Heureusement qu'Antoine Robitaille veillait au grain ! Imaginez, le responsable du programme au ministère de l'Éducation avait déjà donné le feu vert aux représentants des maisons d'édition et ce pauvre M. Fournier n'était au courant de rien. Il ne se le serait jamais pardonné. Comment, un doute vous assaille ? Moi aussi.
La cachotterie est devenue la marque de commerce de ce gouvernement depuis qu'il est arrivé au pouvoir. Prenez les subventions aux écoles privées juives. Les ententes avec les commissions scolaires concernées étaient signées depuis des semaines quand Le Devoir a découvert le pot-aux-roses. Autrement, on n'en aurait rien su.

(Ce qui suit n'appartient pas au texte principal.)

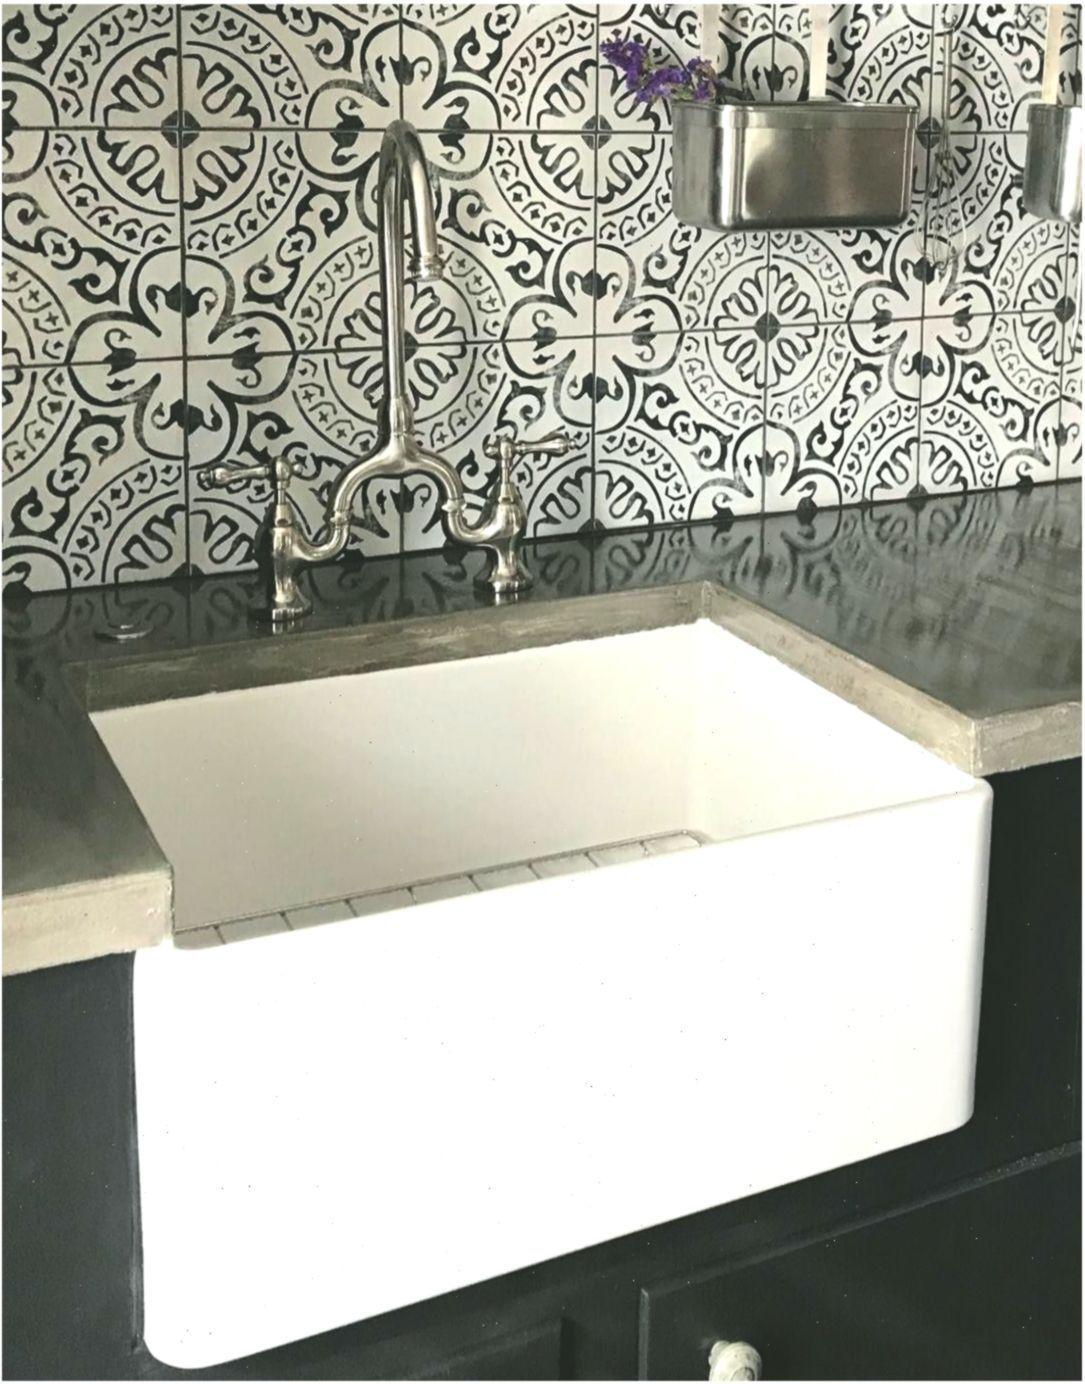 24 Inch Single Bowl Farmhouse Sink With Chrome Drain And Grid Weiesbauernhauswa Bowl Farmhouse Sink Sink Shower Style

L'affaire était choquante, mais tenter de dépouiller nos enfants de leur histoire est encore plus révoltant. Soit, elle n'a pas toujours été glorieuse, mais ils sont en droit de le savoir et de savoir pourquoi. Ils en tireront les conclusions qu'ils voudront. On a reproché avec raison au Conseil de la souveraineté d'avoir voulu leur présenter une version tronquée. Cette fois-ci, c'est comme si on voulait leur faire croire qu'il ne s'est rien passé, ou si peu.